---- Study material

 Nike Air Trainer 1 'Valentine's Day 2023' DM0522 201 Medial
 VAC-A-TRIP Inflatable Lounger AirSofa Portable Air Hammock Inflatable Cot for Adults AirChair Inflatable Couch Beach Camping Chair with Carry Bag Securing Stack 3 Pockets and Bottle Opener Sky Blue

--------
---- Study material

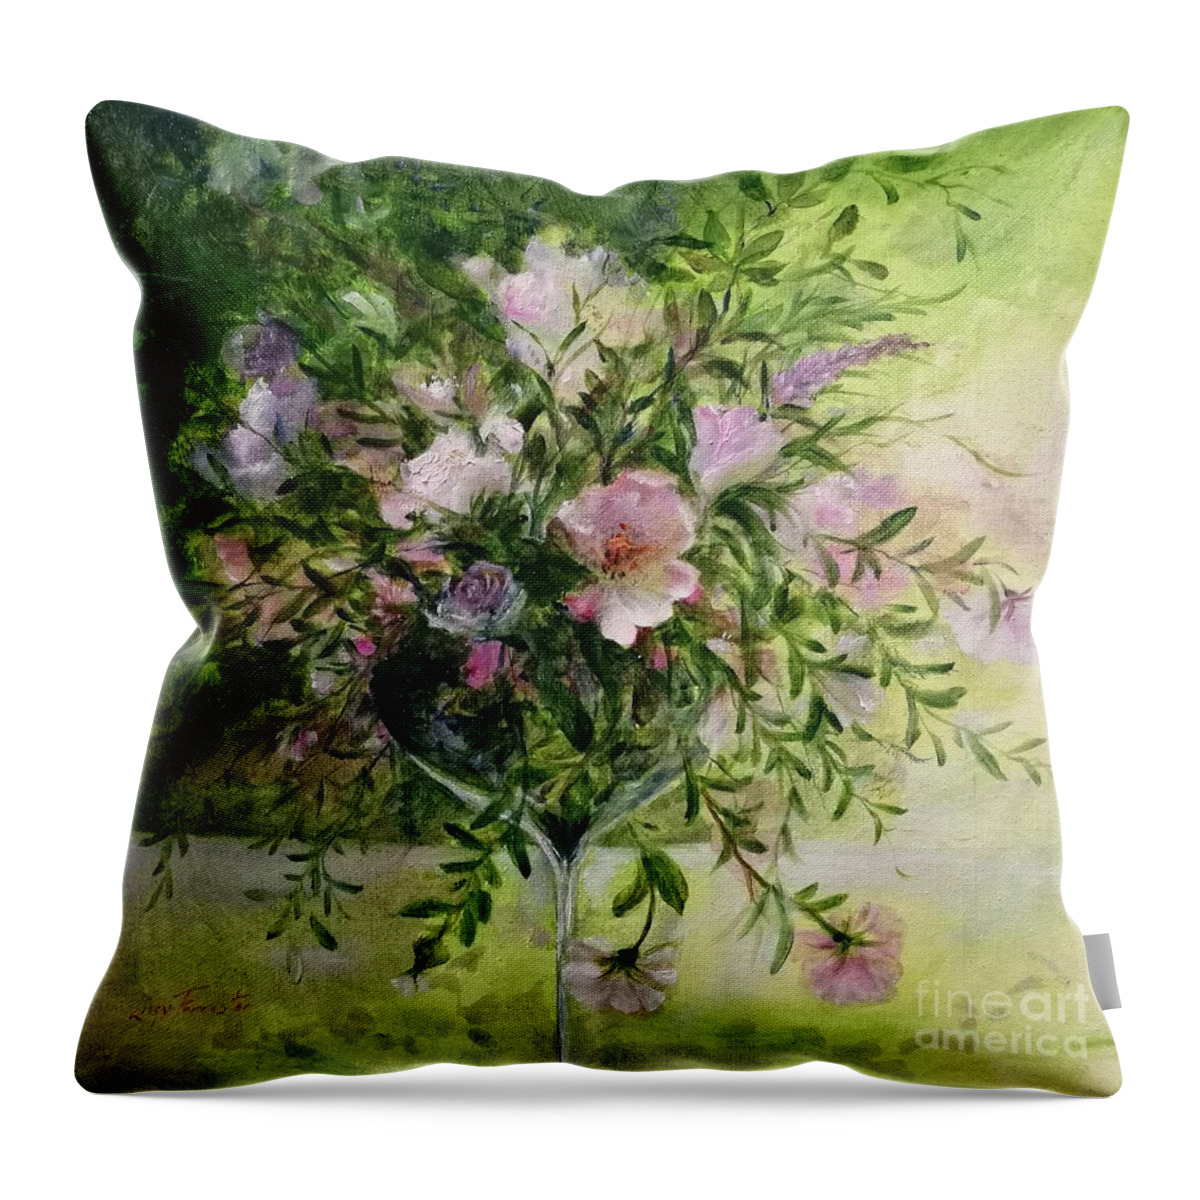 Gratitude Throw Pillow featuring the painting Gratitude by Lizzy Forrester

--------

Assigned task:
The exact lines of the material above starting at the one that contains "Nike Air Trainer" and ending at the one that contains "VAC-A-TRIP Inflatable Lounger" are what to retype; leave out everything else.

Task answer:
 Nike Air Trainer 1 'Valentine's Day 2023' DM0522 201 Medial
 VAC-A-TRIP Inflatable Lounger AirSofa Portable Air Hammock Inflatable Cot for Adults AirChair Inflatable Couch Beach Camping Chair with Carry Bag Securing Stack 3 Pockets and Bottle Opener Sky Blue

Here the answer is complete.